◆ ASSIGNMENT
Would you repeat the listing below verbatim and drop the images?

◆ SOURCE DATA
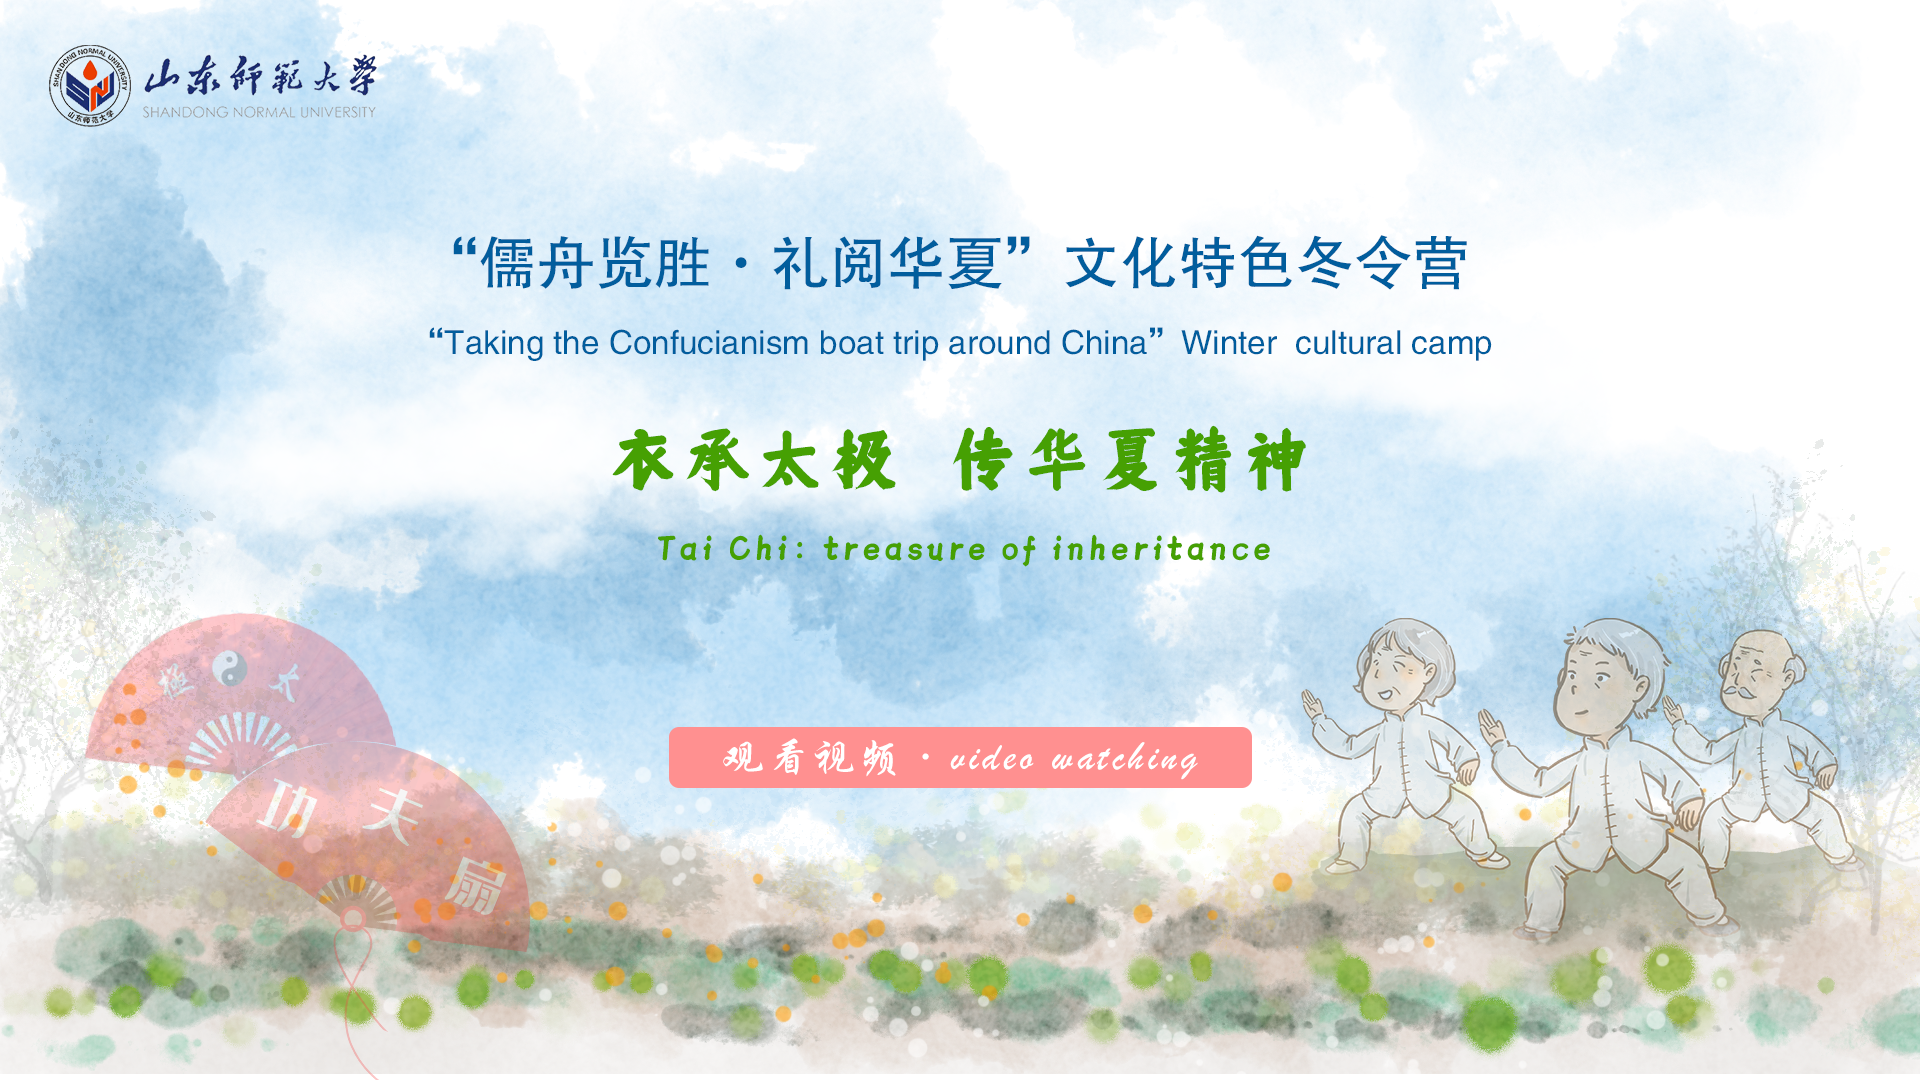 Tai Chi: treasure of inheritance
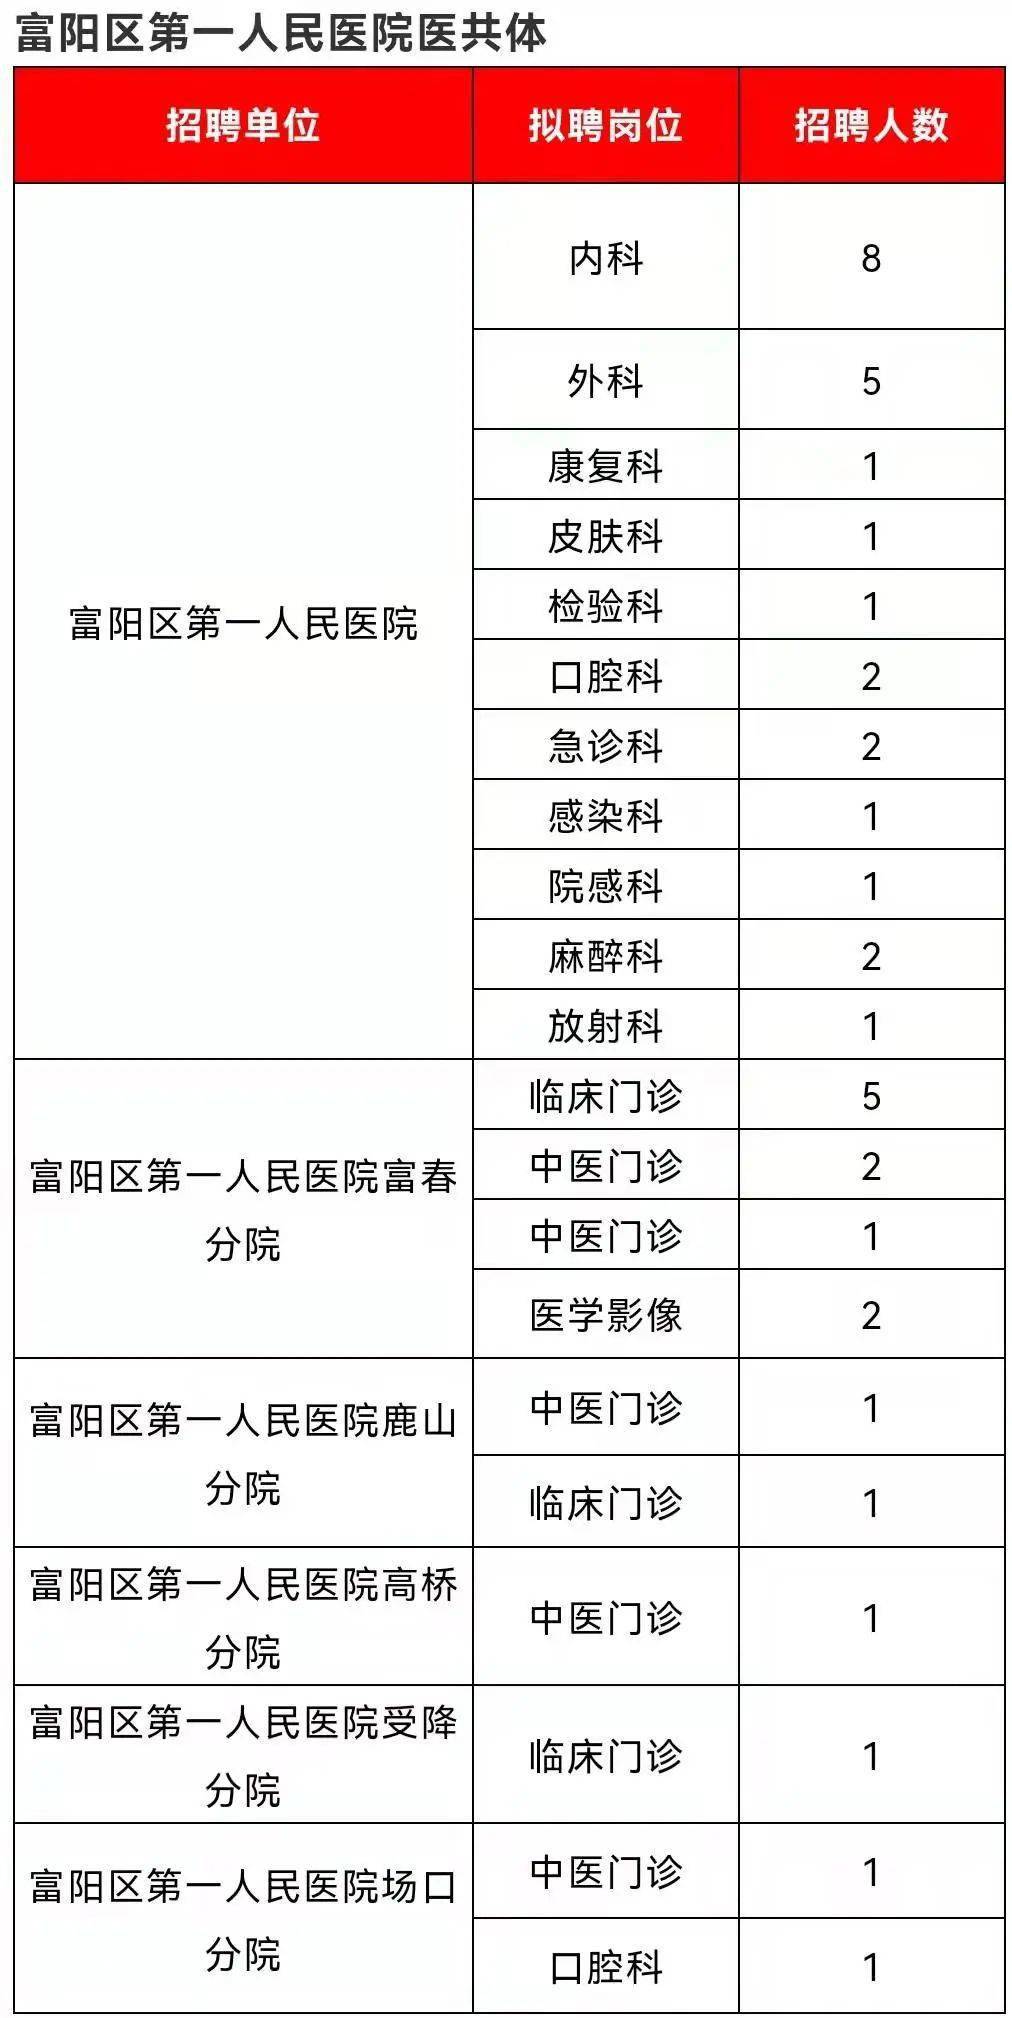 来报名 杭州一批事业单位公开招聘200多人 看看有没有合适的
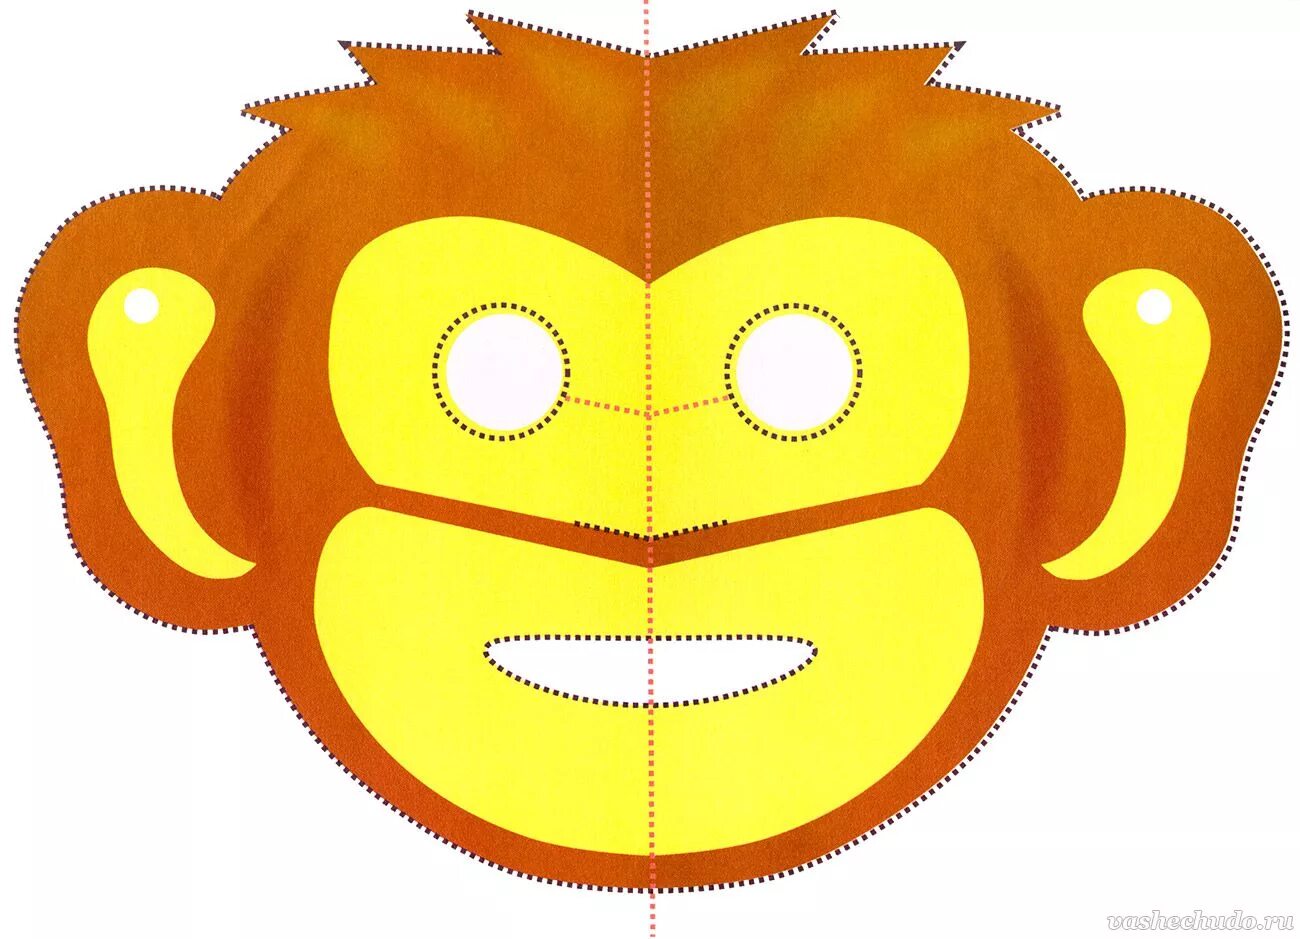 Маски на дне рождении. Бумажные маски. Новогодняя маска обезьяны. Маска из картона. Маска из бумаги обезьянка.

◆ OUTPUT OF THE EXERCISE
 Tai Chi: treasure of inheritance
 来报名 杭州一批事业单位公开招聘200多人 看看有没有合适的
 Маски на дне рождении. Бумажные маски. Новогодняя маска обезьяны. Маска из картона. Маска из бумаги обезьянка.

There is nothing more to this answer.